Факты. Доказательства. Во-первых, брови. Оберон был убежден, что прямая линия сросшихся бровей, которую дети (правда, не все) унаследовали от Вайолет, несомненно, имела к ним какое-то отношение. У Августа из широких и темных, сросшихся над переносицей бровей торчали отдельные длинные волоски наподобие тех, какие бывают на кошачьей морде. У Норы были похожие линии бровей, у Тимми Вилли — тоже, хотя, став девушкой, она постоянно их подбривала и выщипывала. Большинство младших Маусов, походивших скорее на Деда, этой приметы были лишены, как и Джон Шторм и сам Дед.
Оберон тоже пошел в них.
Вайолет всегда говорила, что в той части Англии, откуда она родом, сросшаяся линия бровей означает, что перед вами буйная личность с криминальными задатками — возможно, даже маньяк. Она посмеивалась над этим и над предположениями Оберона: в энциклопедически исчерпывающем справочном аппарате последнего издания «Архитектуры» о бровях не упоминалось ни единым словом.
Ладно.

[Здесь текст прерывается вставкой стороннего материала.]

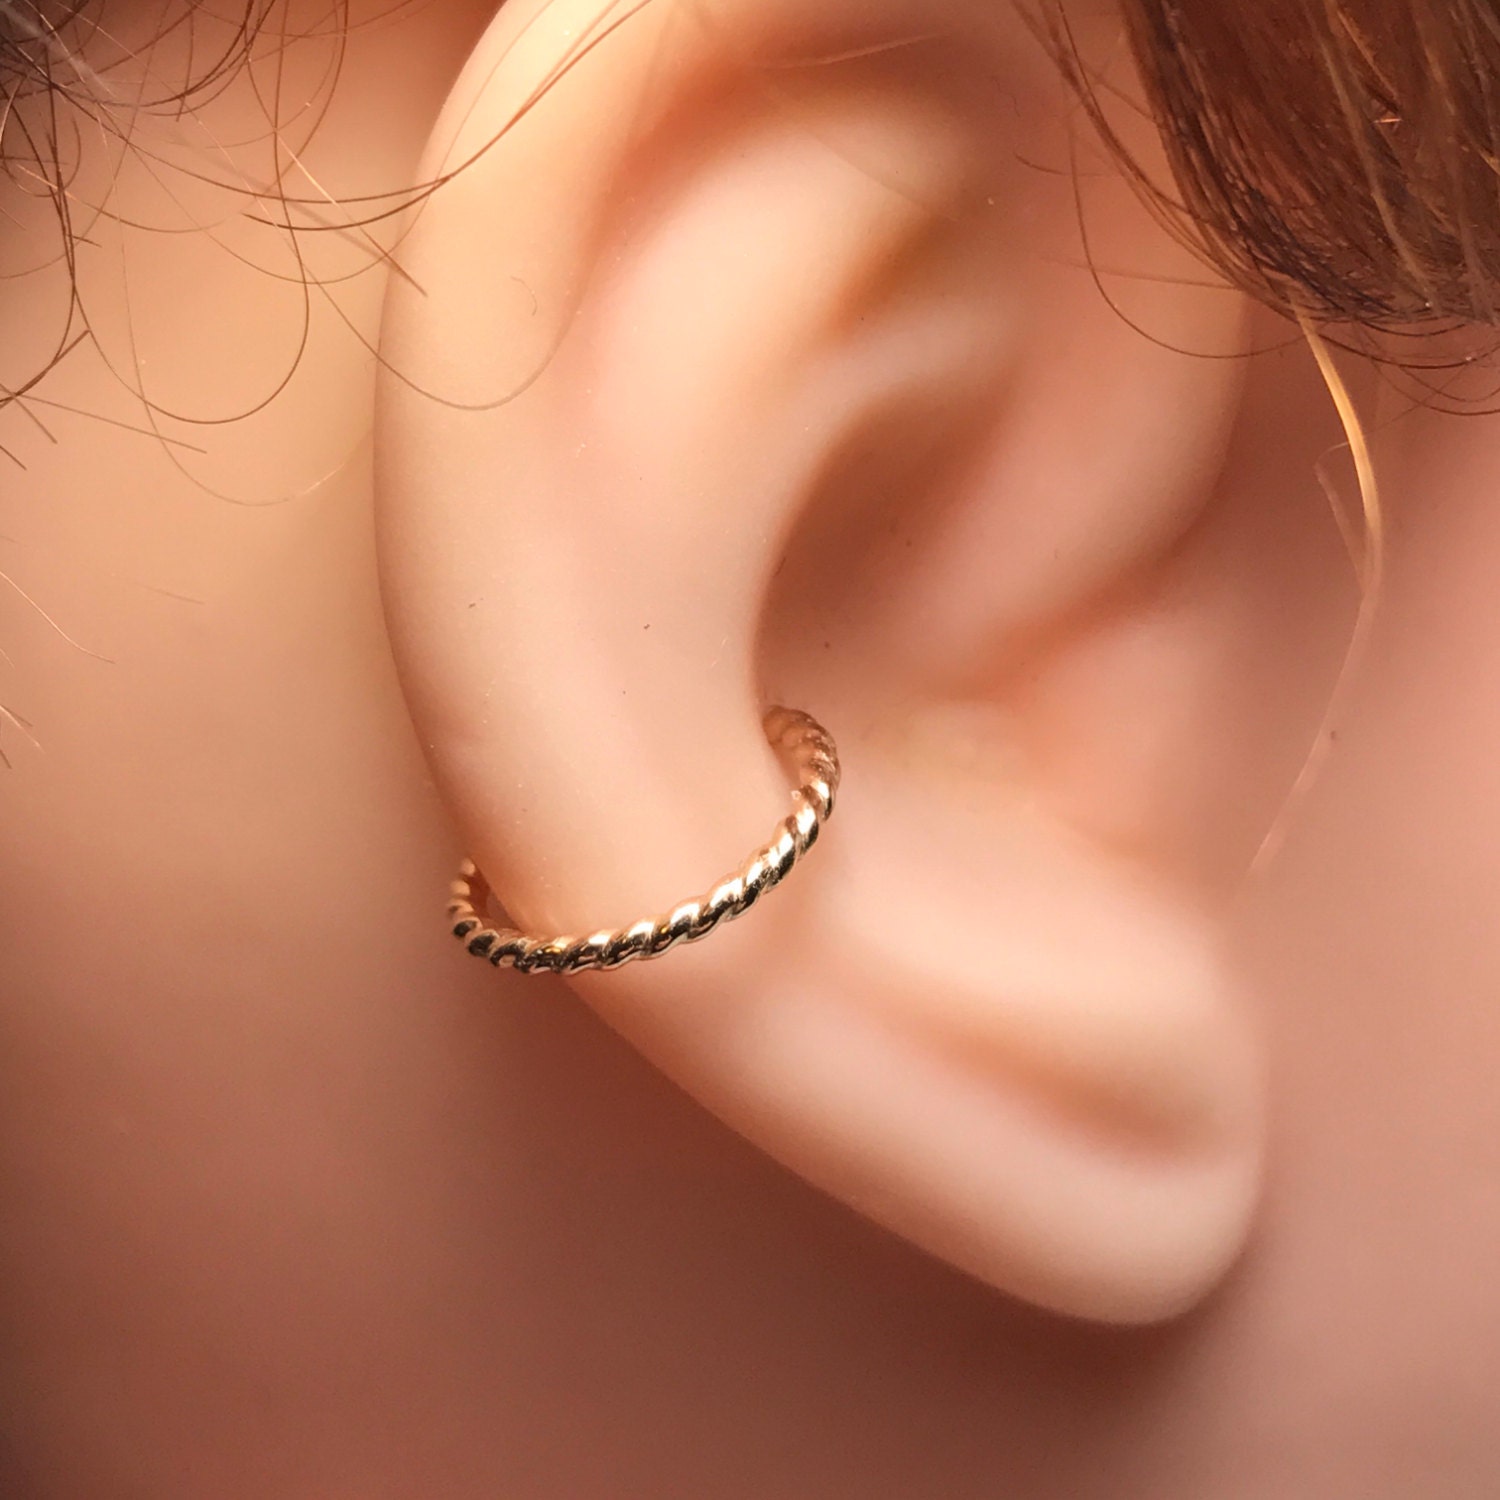 14k gf gold Conch Earring Helix Hoop Earring Rook Earring Septum

Возможно, вся эта петрушка с бровями являлась для него всего лишь способом уяснить, почему ему отказано в доступе, почему он не в состоянии их увидеть, хотя его камера их запечатлевает; Вайолет их видела, и Нора тоже какое-то время обладала этой способностью. Дед часами толковал о малых мирах и о тех, кто мог попасть туда, но у него не было доводов, не было ни малейших доводов ; он сосредоточенно разглядывал снимки, сделанные Обероном, и рассуждал о необходимости увеличить и укрупнить кадр, использовать специальные объективы. Он сам плохо понимал, о чем говорит, но Оберон проделал в этом направлении ряд экспериментов, пытаясь найти дверь для входа. Затем Дед с Джоном настояли на публикации некоторых фотографий из его коллекции в брошюрке — «религиозной книжке для детей», по определению Джона, к которой Дед присовокупил комментарии, изложив в них свои воззрения на проблемы фотографии, причем так отчаянно напортачил, что никто, а дети — в особенности, не обратил на книгу ни малейшего внимания. Оберон так и не простил старшим этого провала. И без того размышлять над явлением непредвзято, с научных позиций, было довольно непросто, а если еще подозревать, что тебя считают либо сумасшедшим, либо безнадежно одураченным, и все только и твердят об этом… Или, по крайней мере, те, кто удосужился дать какой-то отзыв.
Оберон пришел к заключению, что таким образом — посредством детской книжки! — они попытались заставить его ослабить борьбу, чтобы в дальнейшем полностью вывести из игры. И Оберон позволил им сделать это, ввиду глубоко укоренившегося в нем чувства изъятости. Он был аутсайдером — во всех отношениях: не сын Джона; не совсем родной брат его младших детей; чуждый как безмятежному нраву Вайолет, так и отваге потерянного Августа; брови у него были самые обыкновенные; вера в душе отсутствовала. Он так и остался старым холостяком, без жены и потомства; фактически, почти что девственником. Почти. Изъятый даже из этого сообщества, он все же никогда не обладал никем из тех, кого любил.
При этой мысли Оберон ощутил легкую боль. Он прожил всю жизнь, страстно домогаясь недостижимого, а такая жизнь в итоге приводит к равновесию, здрав ты рассудком или нет. Жаловаться незачем. В какой-то степени все они были здесь изгнанниками: хотя бы эту участь он разделял с ними и не завидовал ничьему счастью. Он определенно не завидовал Тимми Вилли, бежавшей отсюда в Город; не осмеливался завидовать и потерянному Августу. С ним всегда были эти немногие окна — черно-серые, недвижные и неизменные: окна, распахнутые в гибельные страны.
Оберон закрыл папку (в нос ударил аромат старой, потрескавшейся черной кожи) и вместе с тем оставил очередную попытку классификации этих и обширных серий других фотографий, рядовых и совсем напротив, доведенных вплоть до нынешнего дня. Он мог бы отложить собранное в его настоящем виде: распределенным по отдельным главам, снабженным дотошными, но — боже мой, насколько же недостаточными — перекрестными ссылками. Решение это не слишком его обескуражило. В последние годы он не раз принимался за кардинальную пересортировку, но затея неизменно кончалась одним и тем же.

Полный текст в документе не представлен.